## WORK TO COMPLETE
Extract, exactly and without pictures, every line from the one that includes "Vernice per linoleografia Essdee" through the final line of the material below.

## GIVEN DATA

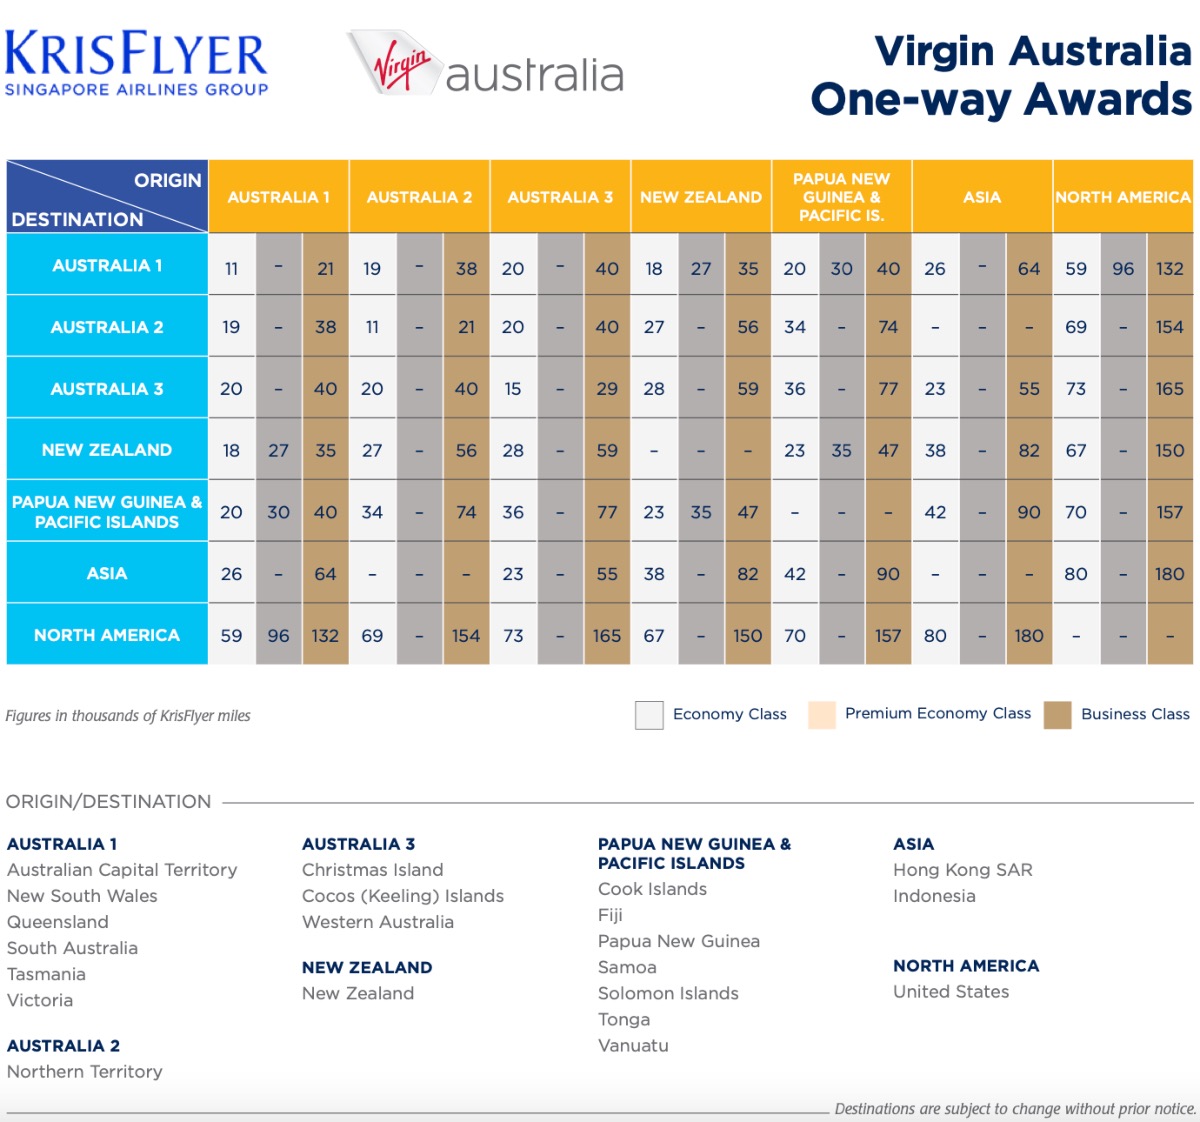 KrisFlyer's Virgin Australia award chart until 31 July 2022
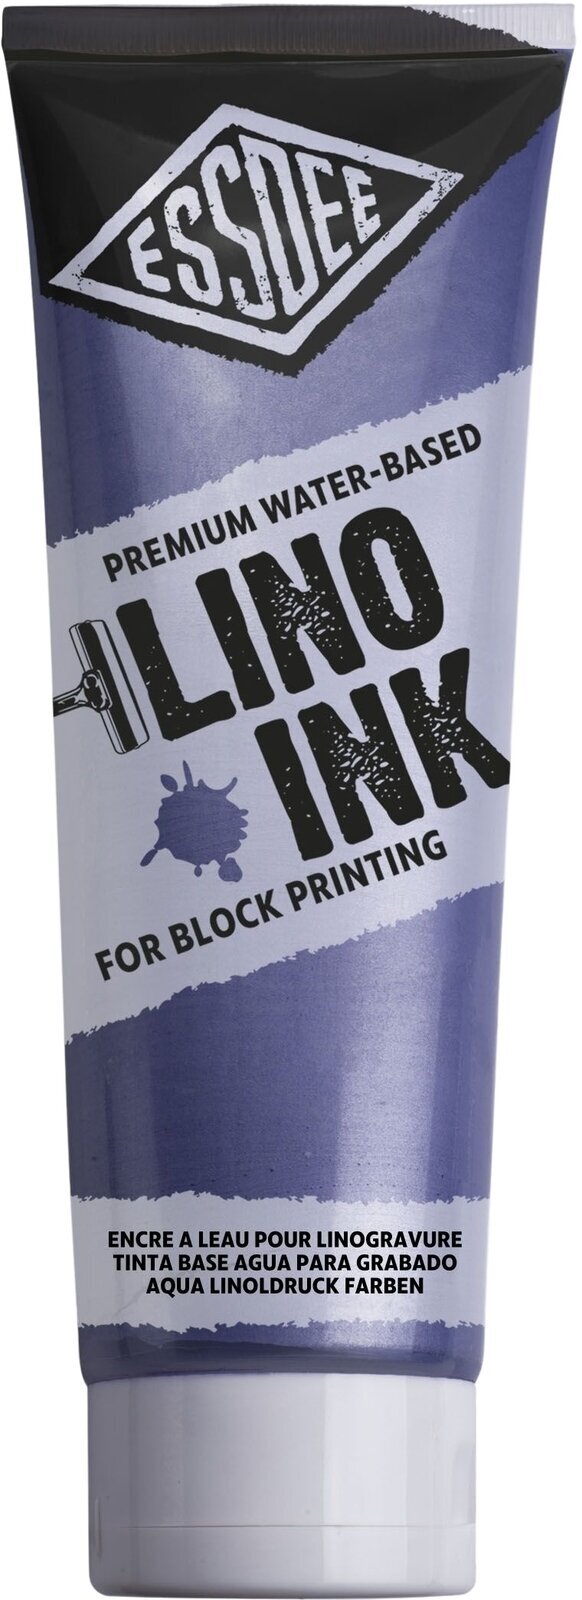 Vernice per linoleografia Essdee Block Printing Ink Vernice per linoleografia Pearlescent Violet 300 ml
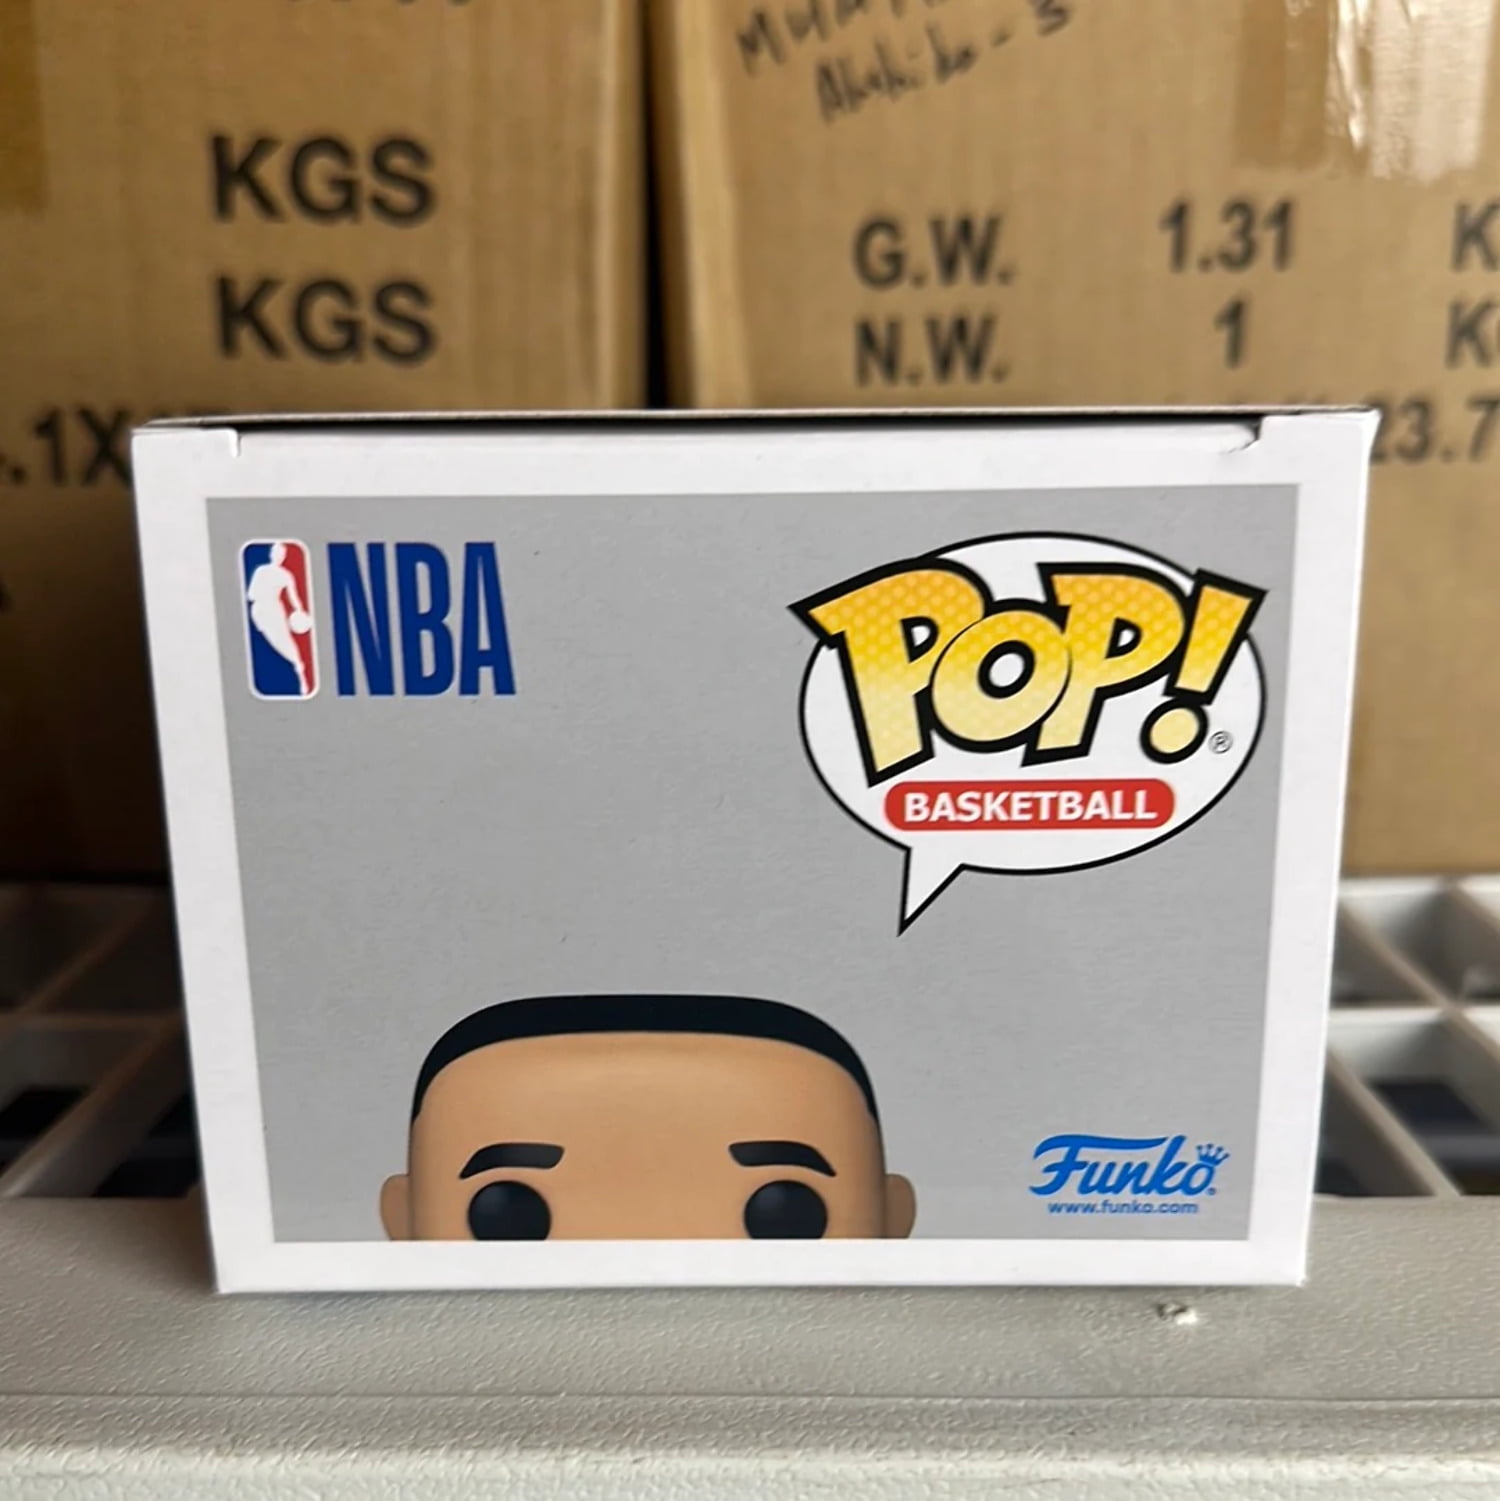 Funko Pop! NBA Basketball - Jordan Poole Washington Wizards #170

## OUTPUT OF THE EXERCISE
 Vernice per linoleografia Essdee Block Printing Ink Vernice per linoleografia Pearlescent Violet 300 ml
 Funko Pop! NBA Basketball - Jordan Poole Washington Wizards #170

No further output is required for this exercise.